Colombia El Paraiso washed

The Tabi variety, processed using the washed method with extended fermentation, from farmer Javier Burbano. A pleasant coffee with full sweetness and medium acidity. Roasted for both filter and espresso.

€15,95 EUR

Roast
Type of packaging

 

Origin Country: Colombia
Farm: San Isidro
Farmer: Javier Burbano
Village: El Silencio
Region: Huila
Processing Method: Washed
Variety: Tabi
Altitude: 1700-1800 meters above sea level

Javier Burbano

In the picturesque region of San Agustin, Huila, lies the San Isidro farm, tended by the young and passionate coffee grower Javier Burbano. This 5-hectare property, with 4 hectares dedicated to coffee cultivation, represents the continuation of a rich family legacy spanning over four generations. Javier, who inherited the farm after it was divided among him and his brothers, now works alongside his children Jorge and Wilson. Together, they cultivate both traditional coffee varieties and exotic ones like Tabi (mostly), showcasing their commitment to both heritage and innovation.

San Isidro is meticulously organized, with the coffee plants divided into batches by variety and age. This careful planning allows for precise cultivation and harvesting practices. Besides coffee, they grow beans, plantains, and oranges, adding diversity to their agricultural output, offering nutrients to the soil and providing good shade. During the coffee harvest, Javier employs up to 10 pickers, primarily from neighbouring areas. They practice selective harvesting, ensuring only the ripest cherries are picked, which contributes to the superior quality of their coffee. A notable feature of San Isidro is its own water spring, which the family diligently protects, understanding its vital role in their ecosystem and coffee production.

Javier works closely with Ramon Hoyos, a buyer and cupper from InConexus, and is an active member of the San Agustin Management Nucleo, led by Ramon. This nucleus, formed over a decade ago, spans the villages of El Tabor, Los Robles, and El Rosario. It was established to implement differential processes that enhance the sensory profile of their coffee and to participate in regional competitions. As a nucleus, they achieved many milestones, including controlled planting, coffee plantation renewal, and the introduction of exotic varietals like Tabi, Gesha, Pink Bourbon, SL-28, and others. They've also implemented a generational replacement program, where producers' children are trained in cupping principles through the InConexus School of Cupping program.
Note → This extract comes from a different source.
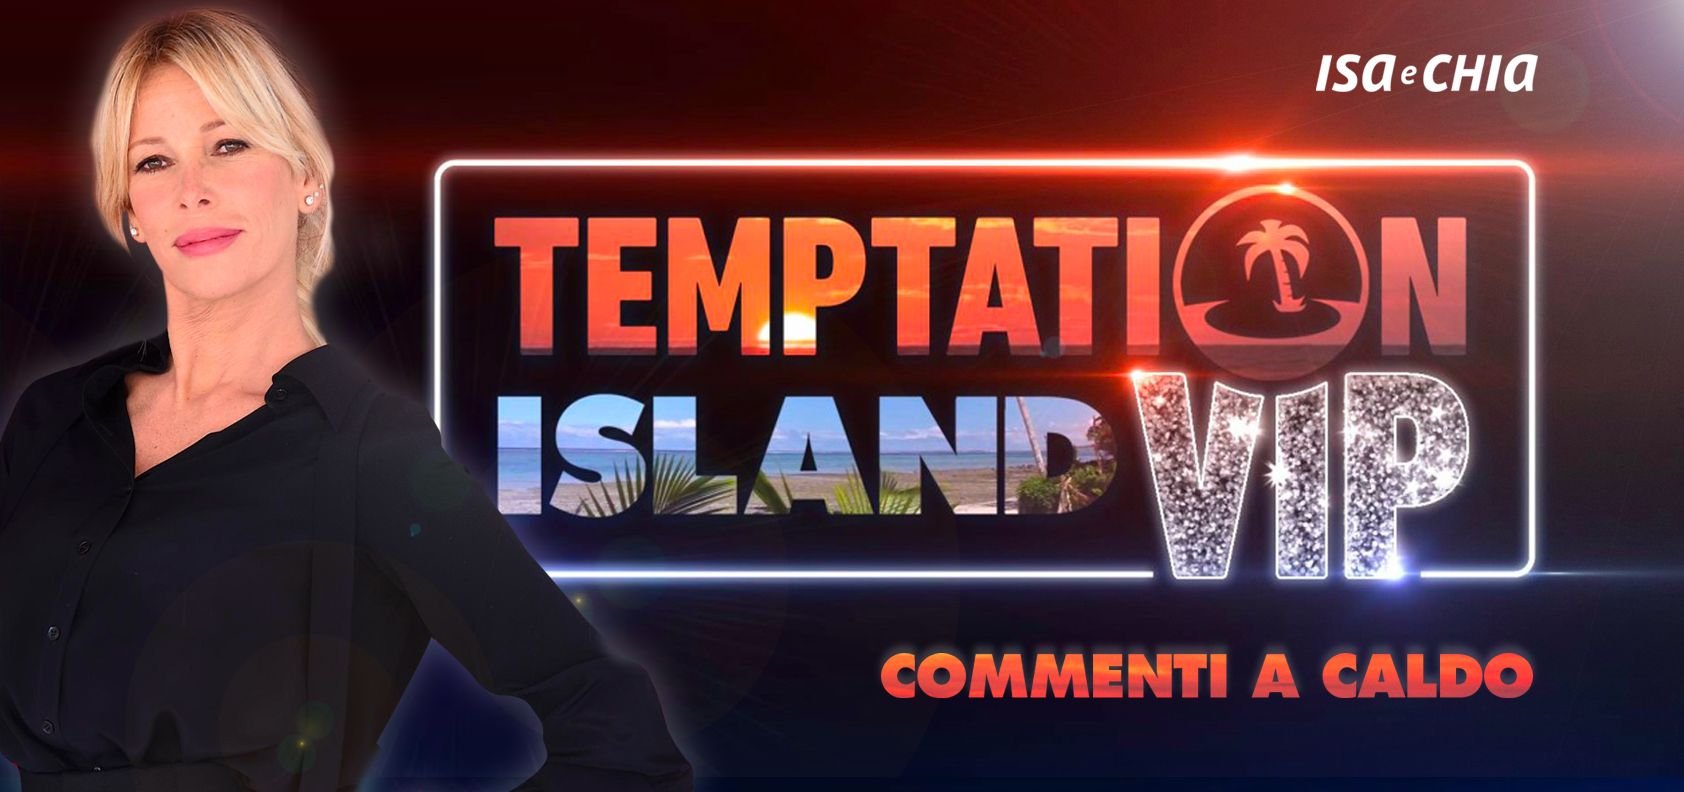 ‘Temptation Island Vip 2’, puntata speciale: commenti a caldo
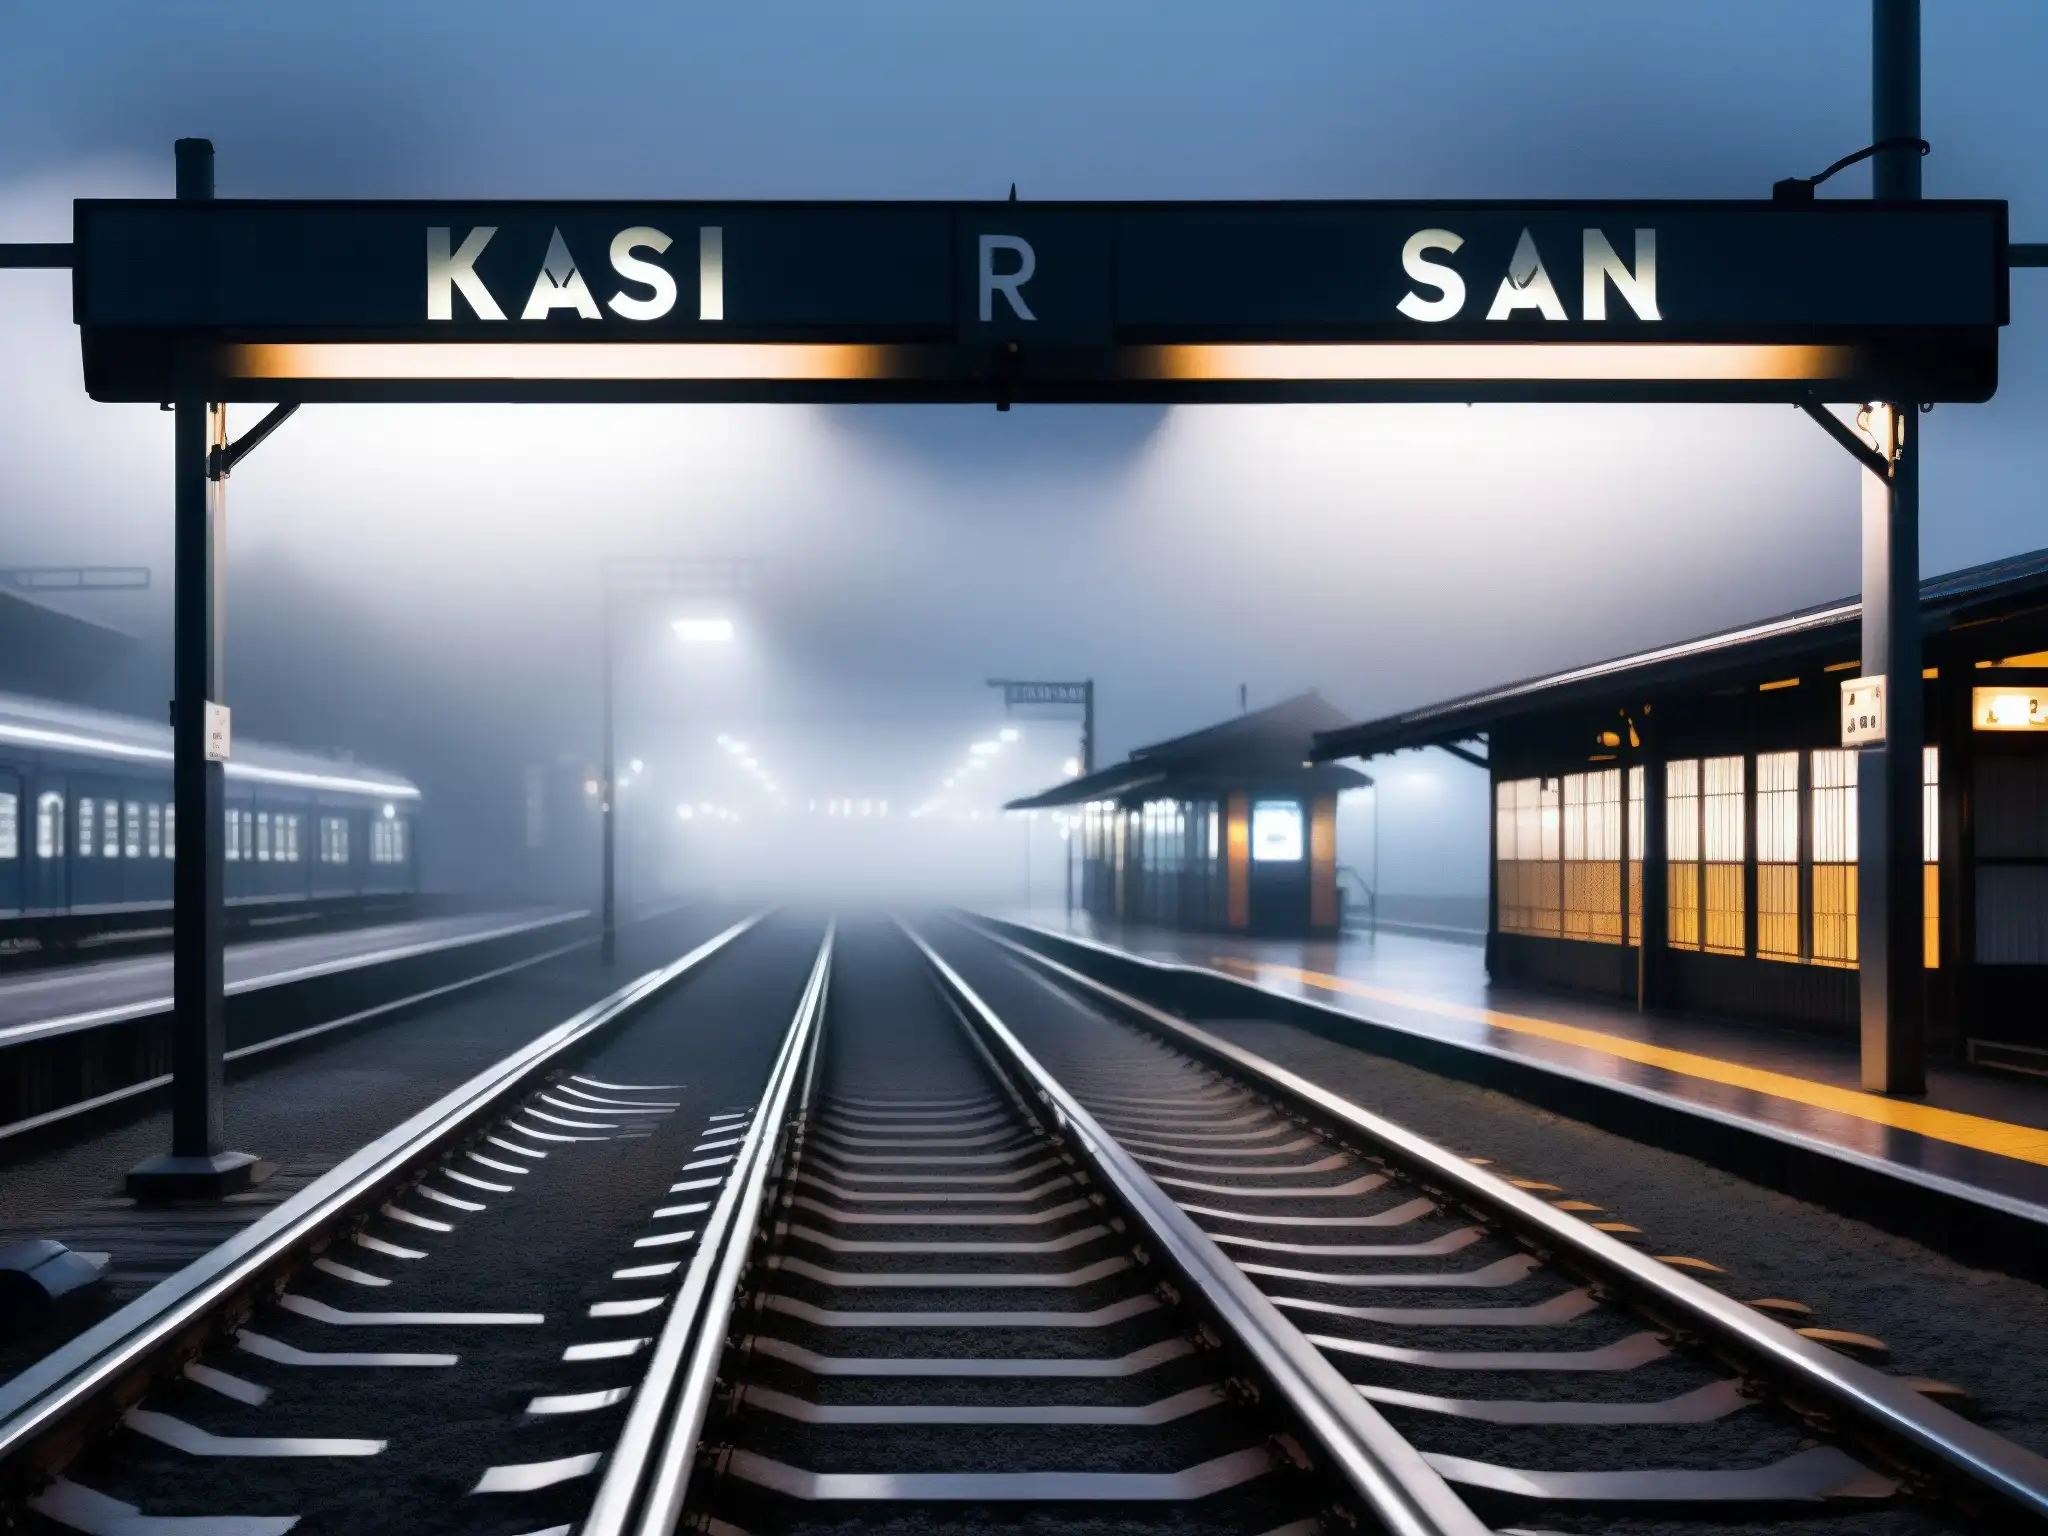 Misteriosa plataforma vacía de la estación Kisaragi al anochecer, envuelta en niebla

Looking ahead, Javier's primary goal is to achieve consistency in his coffee's cup profile. This ambition reflects his dedication to producing high-quality coffee and his commitment to continuing his family's proud coffee-growing tradition while embracing modern techniques and innovations.

Processing

The coffee comes from the department of Palestine, in the southern part of the Huila region. It was processed using washed anaerobic fermentation techniques. Only ripe coffee cherries were harvested, then selected by density and sanitized. The coffee was de-pulped without using water and fermented with medium oxygen for 90 hours, a method known as prolonged fermentation.

After fermentation, the coffee was washed twice and placed on air-flow canopy beds to dry for 18-24 days. This careful processing method enhances the coffee's unique flavor profile while maintaining quality throughout every step.

Bag or tube?

For our coffee, we use recyclable bags, which are more suitable for the coffee, or tubes. The choice of packaging is up to you.

The tubes are great as gift packaging. We would be happy if you reused the tubes for other things (for pencils, glasses, etc.), or if you bring the tube back when you come for more coffee.